Take the line with "Layered Vintage Street" as the first and the last line of the data as the end. Write out both and every line between exactly, except pictures.

→ Material provided
####################
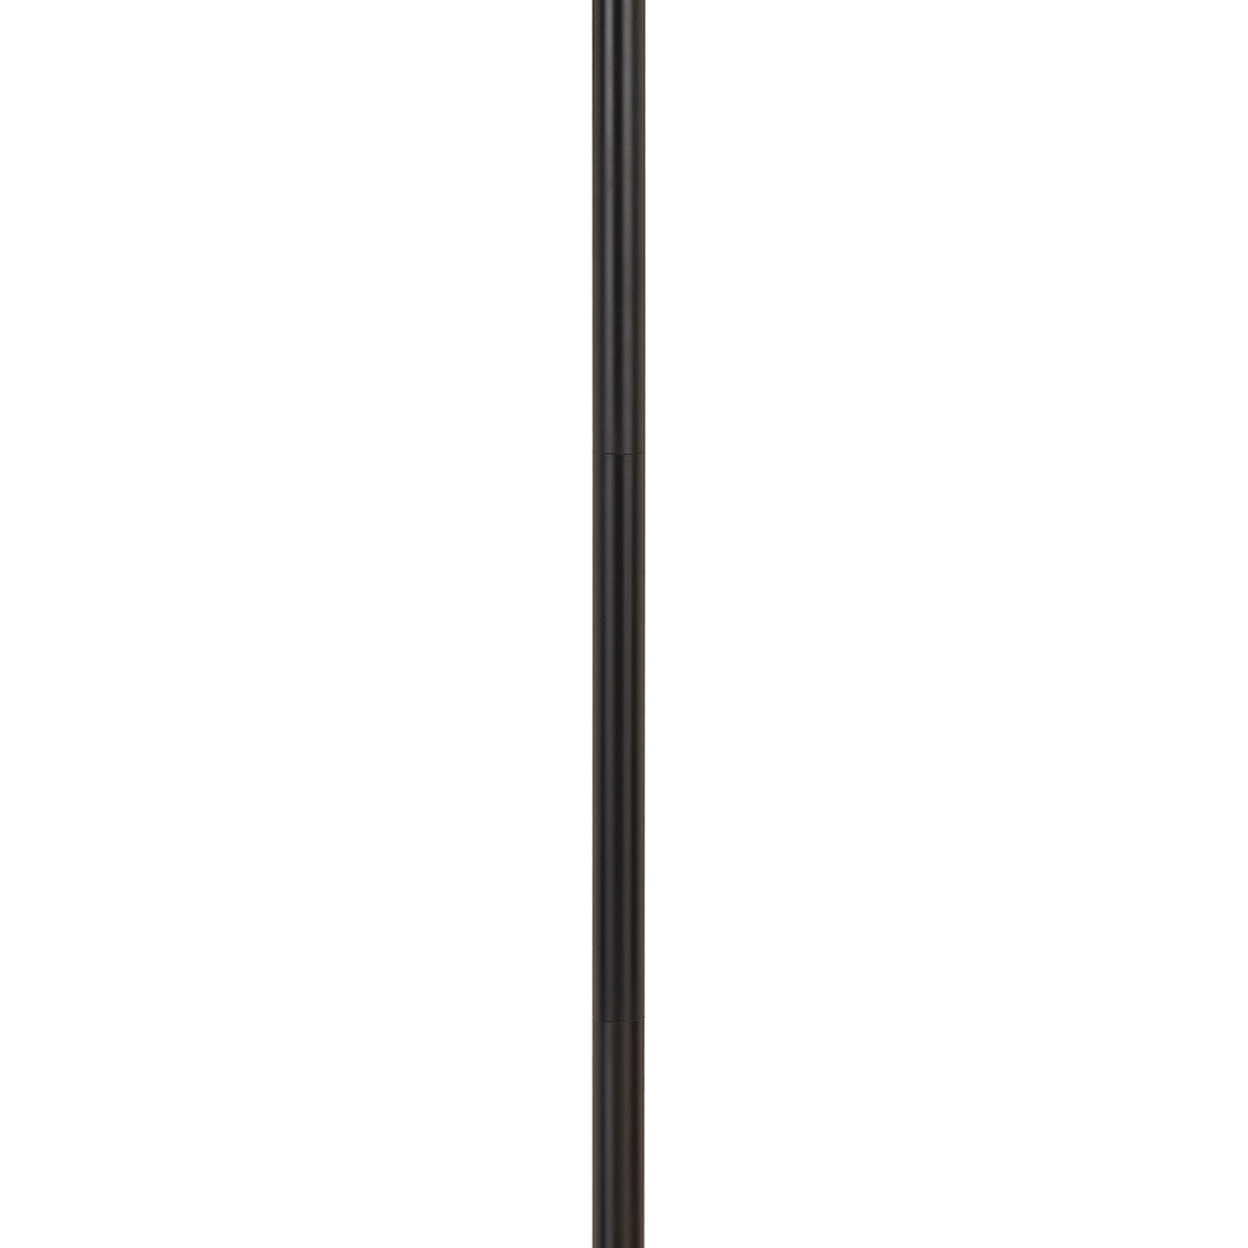 Polyresin Floor Lamp With Glass Shade And Pull Chain Switch, Black- Saltoro Sherpi
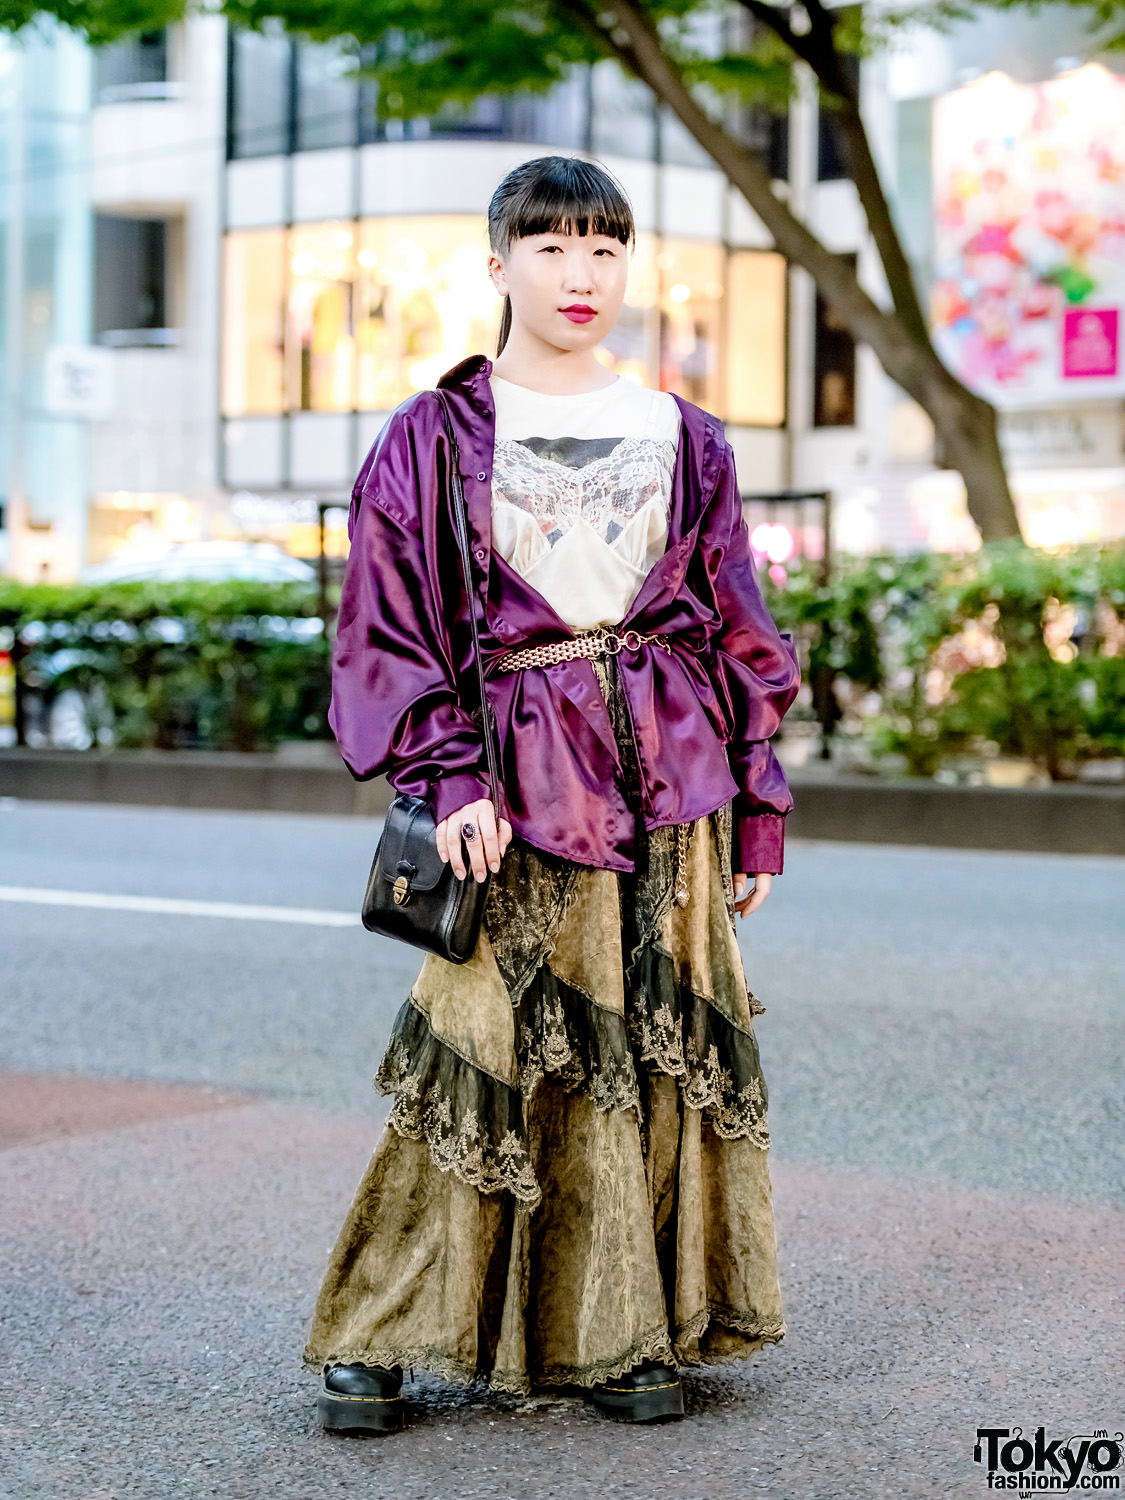 Layered Vintage Street Style w/ Satin Shirt, Camisole Top, Tiered Skirt & Dr. Martens in Harajuku
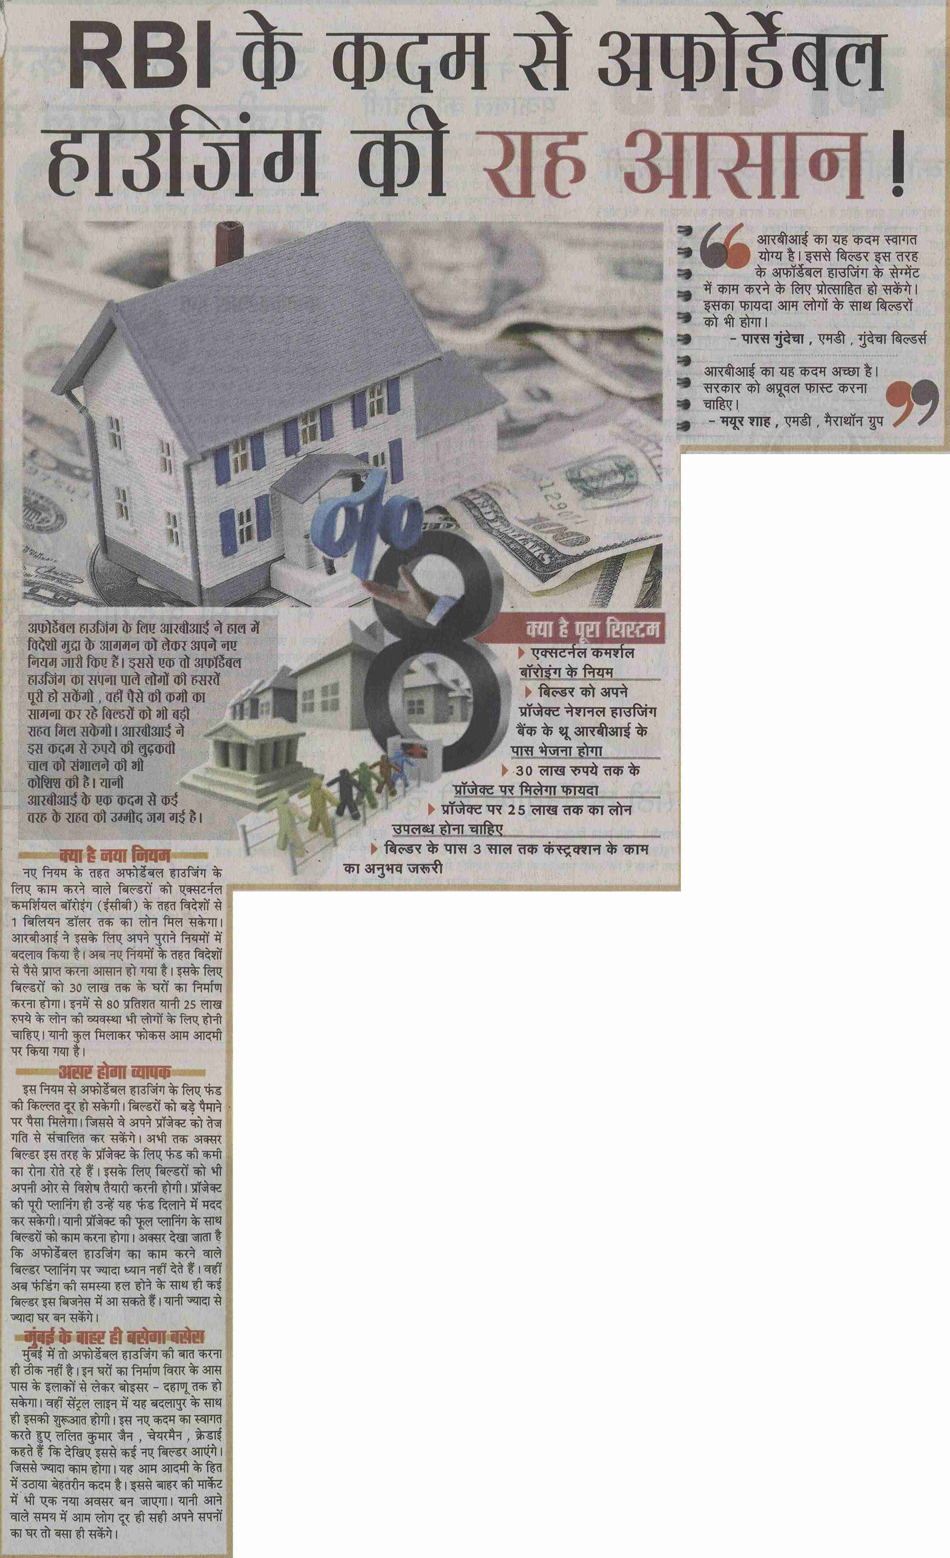 Way to affordable housing made easy with RBI steps
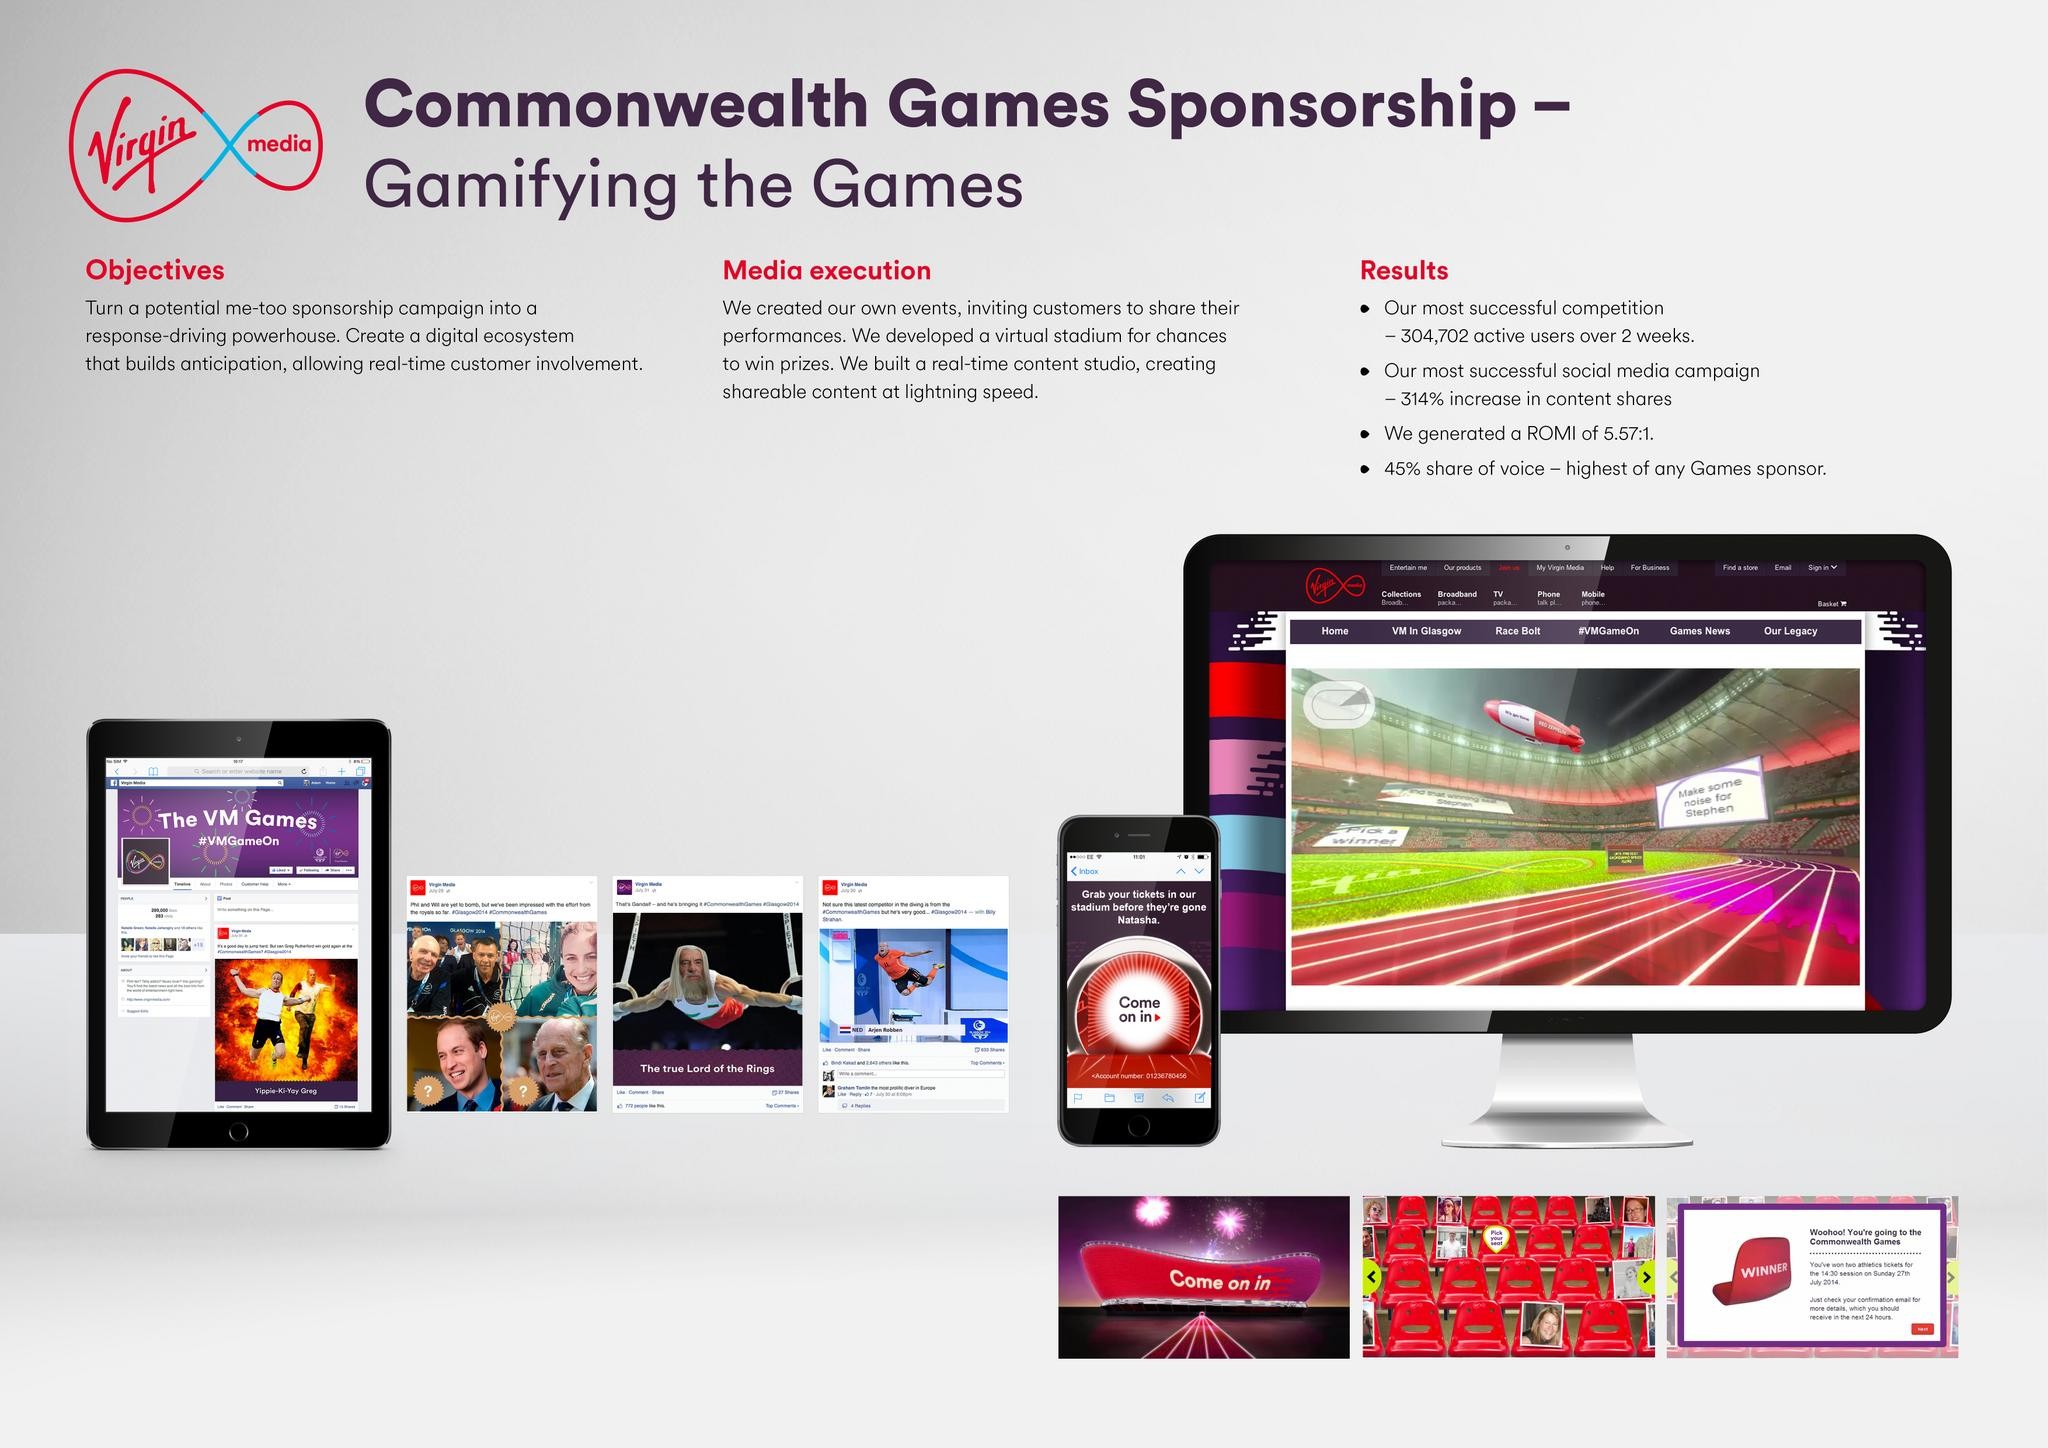 COMMONWEALTH GAMES SPONSORSHIP ACTIVATION
####################
→ Task answer
 Layered Vintage Street Style w/ Satin Shirt, Camisole Top, Tiered Skirt & Dr. Martens in Harajuku
 Way to affordable housing made easy with RBI steps
 COMMONWEALTH GAMES SPONSORSHIP ACTIVATION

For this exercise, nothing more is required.